Put the two numbers next to each other and the scale becomes clear. Domestic rice production alone runs at roughly four metric tons per hectare under typical conditions. Every hectare converted to solar capacity is a hectare that no longer produces that yield, and the country is already importing to cover a shortfall that predates any of this conversion. The math does not require alarm. It requires someone in government to treat 46,000 hectares of future land competition as a planning problem rather than a footnote in a five year old report.
This is where the contrarian read matters. The dominant framing treats solar expansion as the villain, competing directly against food production. But solar targets did not sneak up on anyone. They were set deliberately, with full knowledge from DOE’s own research that farmland would absorb the cost. The actual failure is regulatory, not technological. A government that names a risk in an official planning document and then declines to write the policy that risk requires has made a choice, whether or not any press release ever states it plainly.
The Exposure Lands on Landowners and Consumers
The households absorbing this risk did not choose to enter an energy policy debate. Agrarian reform beneficiaries and smallholder landowners are making individual, largely irreversible land use decisions without any government guardrails to guide them, because the policy that was supposed to exist was never written. Once land converts to a 20 year solar lease, it is effectively gone from the domestic food supply for a generation, regardless of what happens to renewable energy demand or grid needs in year eight or year twelve of that lease. The solar land use policy that could have prevented this outcome simply does not exist.
Consumers carry the other half of the exposure. Food price sensitivity to import dependency is not something the average household tracks against DOE’s auction calendar or renewable capacity targets. The connection between a solar lease signed in a rural municipality and the price of rice on a Metro Manila shelf is real, but it runs through several steps most people never see until the price has already moved.

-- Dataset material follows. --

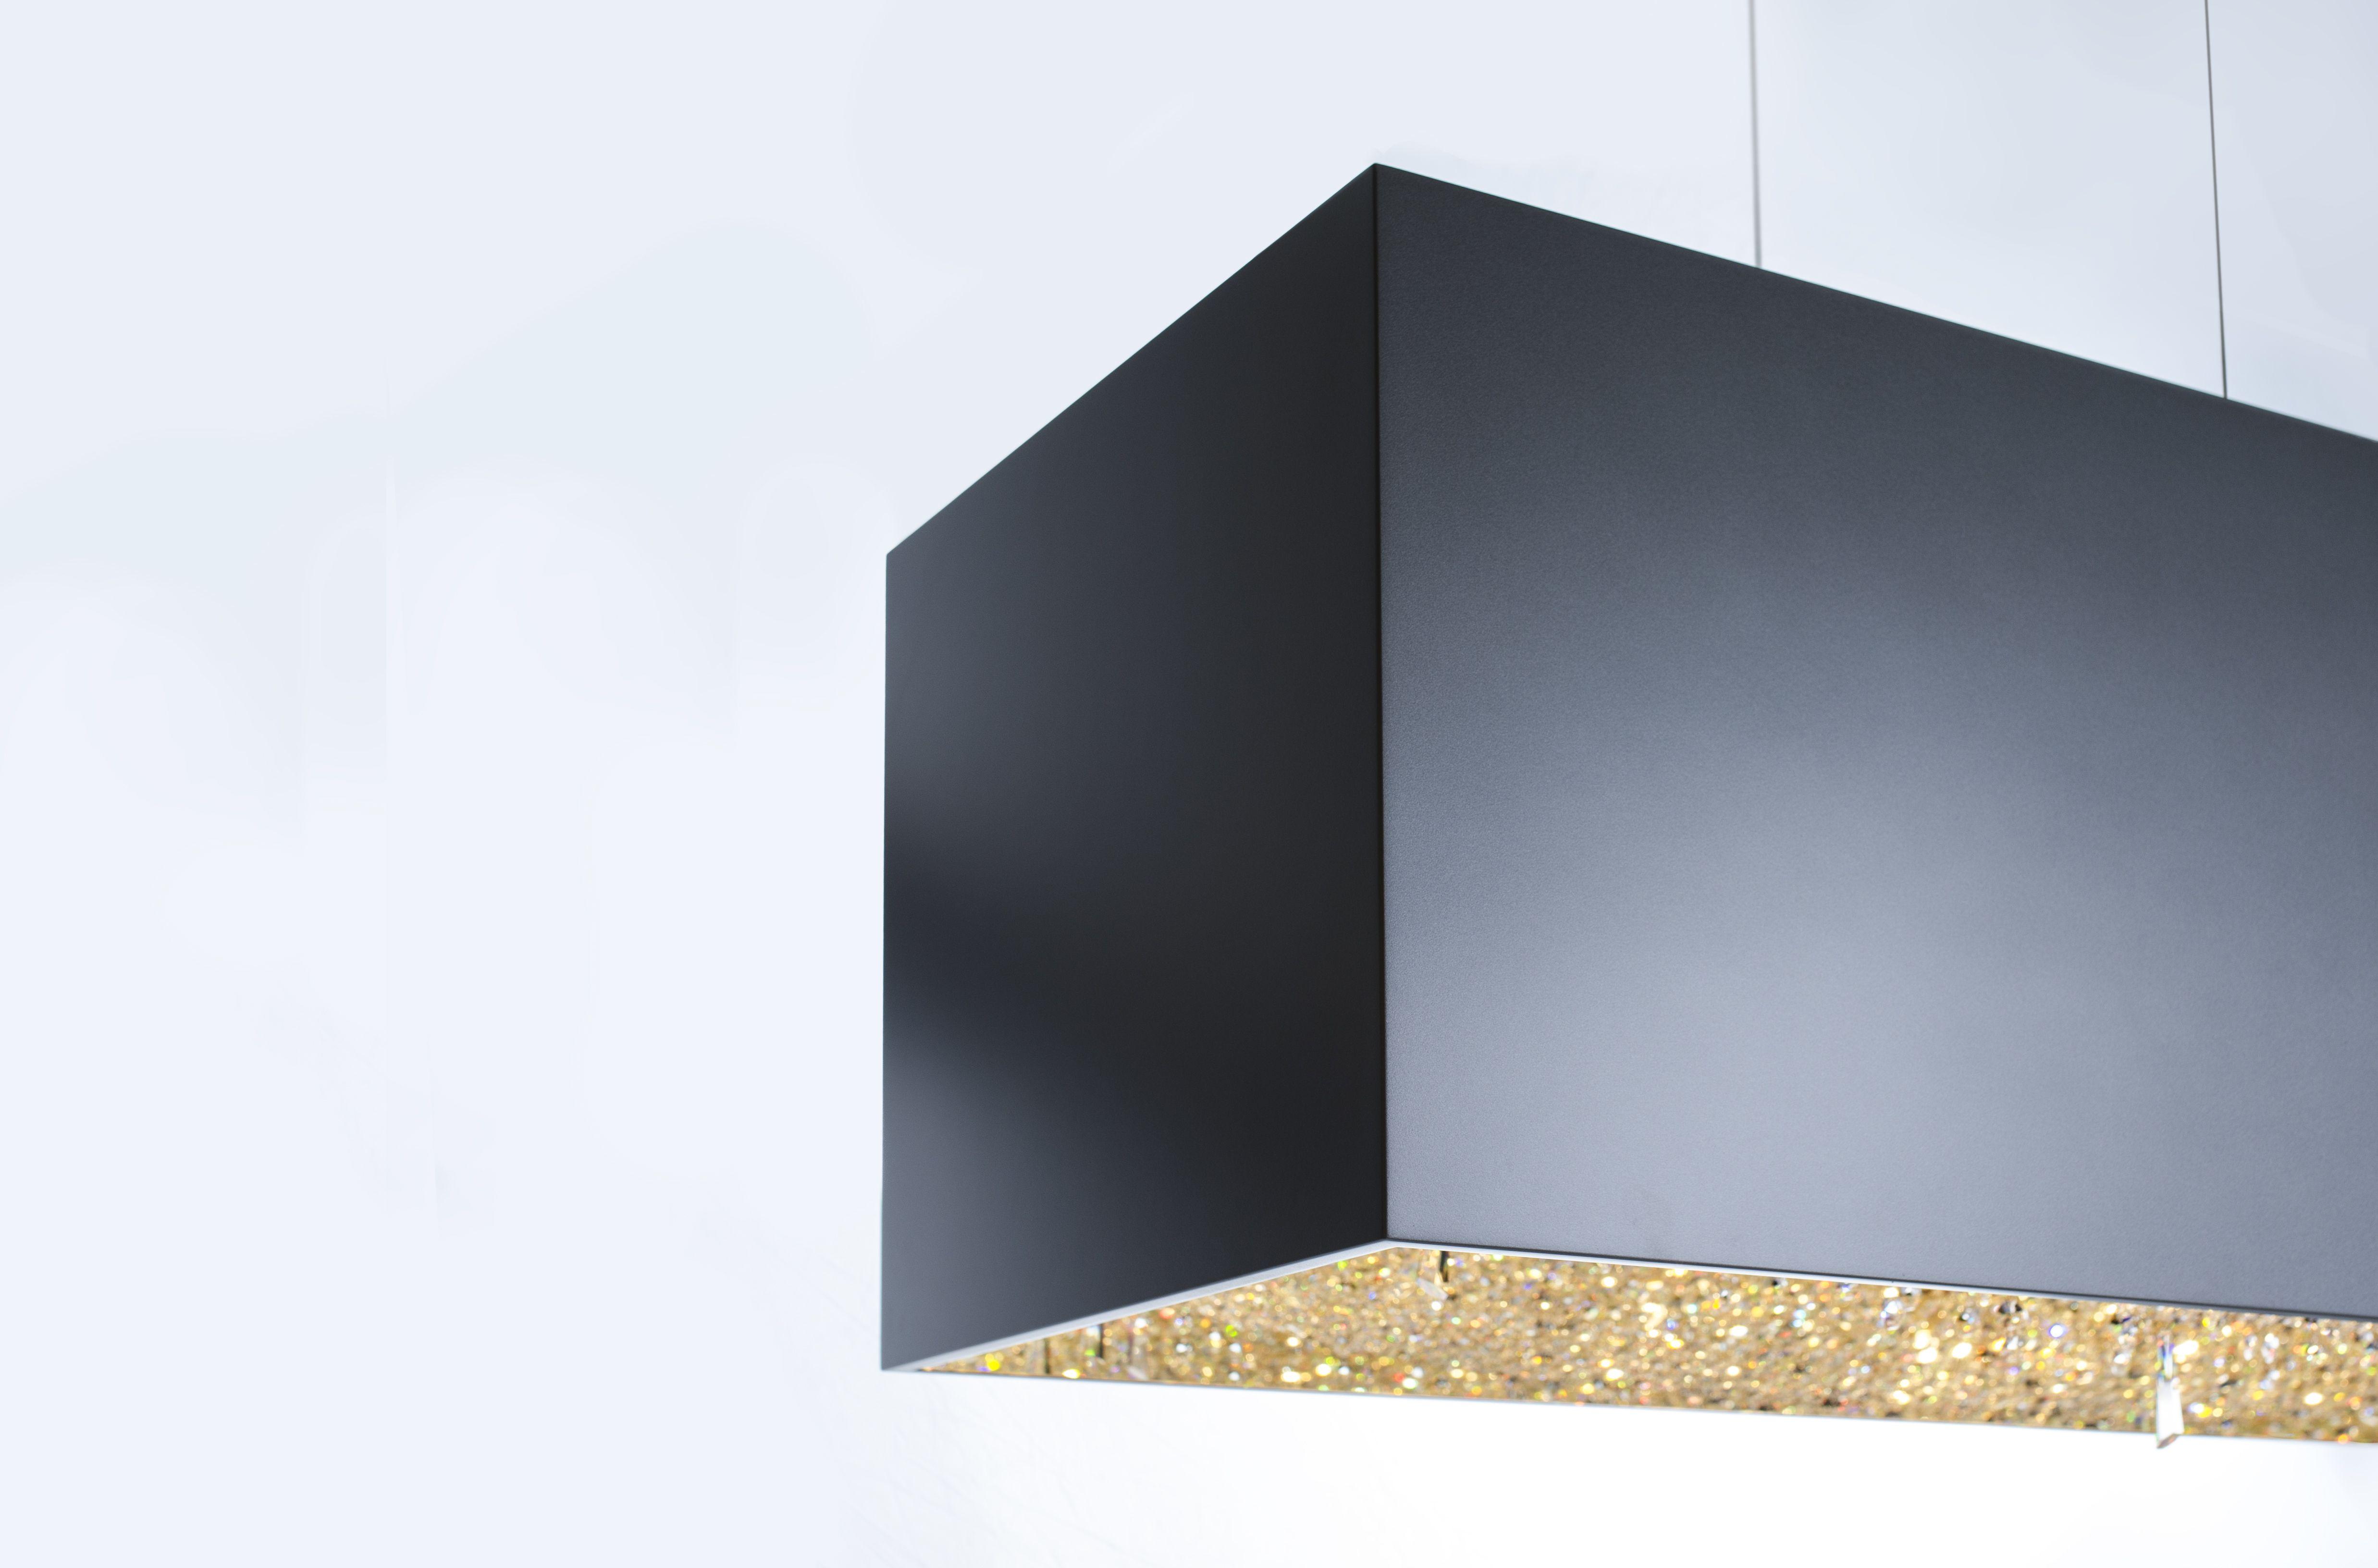 Deep Sky crystal chandelier #Manooi #Chandelier #CrystalChandelier #Design #Lighting #DeepSky #luxury #furniture
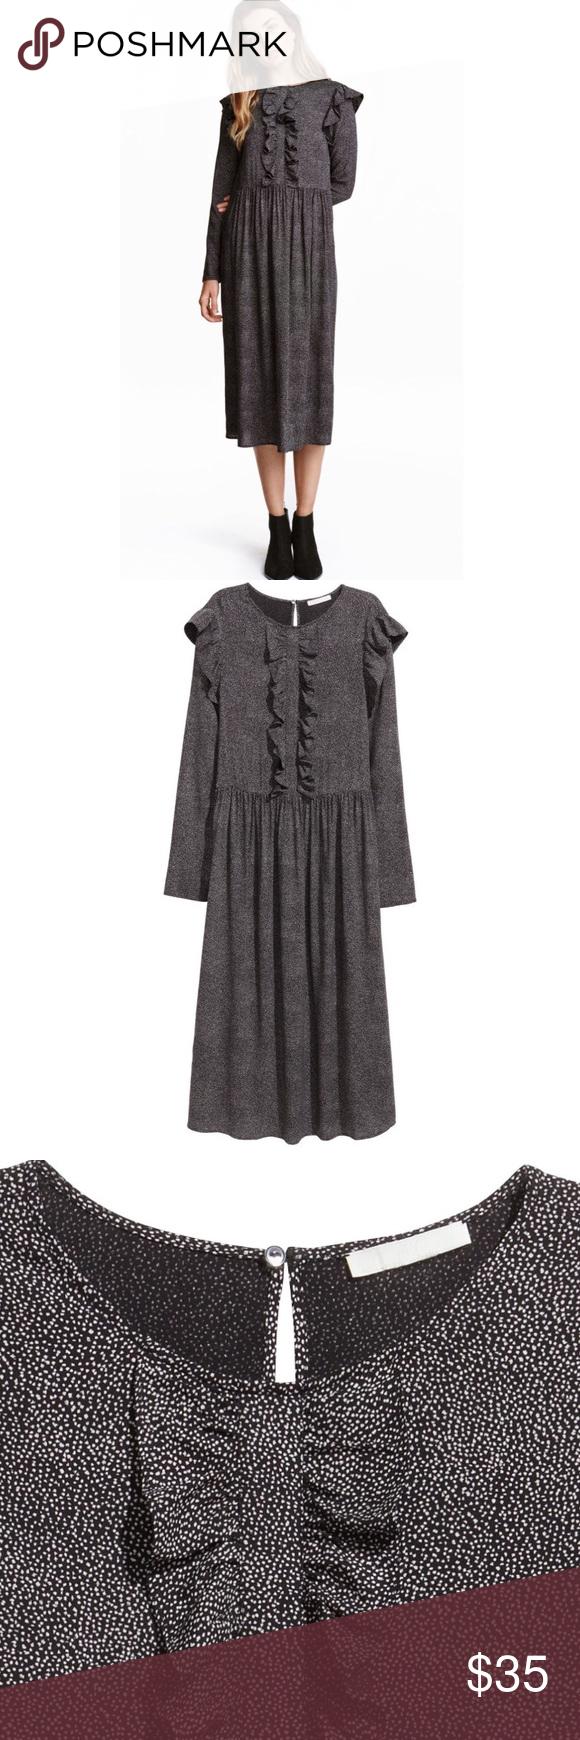 Ysl saint laurent dress style lookalike boutique

The renewable targets are locked. The land requirement behind them is documented and has been since 2021. What was never locked in is a policy on where that land comes from, and five years after the department that flagged the risk called for exactly that policy, farmland is still the default answer by omission rather than by design. The next hectare that converts will do so under the same absence of rules that let the last one convert.
FAQs
Does the Philippines have a policy on solar farms using agricultural land?
No. The Department of Energy identified the need for a solar land use policy in its 2021 Philippine Energy Plan, but no such policy has been adopted as of 2026.
How much land does the Philippines need for its solar targets?
DOE estimates roughly 46,140 hectares are needed to meet the 35 percent renewable share target by 2030 and 50 percent by 2040, based on a rule of thumb of one hectare per megawatt of solar capacity.
Are all solar farms built on farmland?
No. Some developers, including Aboitiz Renewables, have built solar plants on sloped terrain that is not farmland instead of flat cropland, though this is a voluntary choice rather than a policy requirement.
What is agrivoltaics?
Agrivoltaics refers to growing crops underneath or between rows of solar panels on the same land parcel, allowing agricultural and energy production to coexist rather than compete for the same hectares.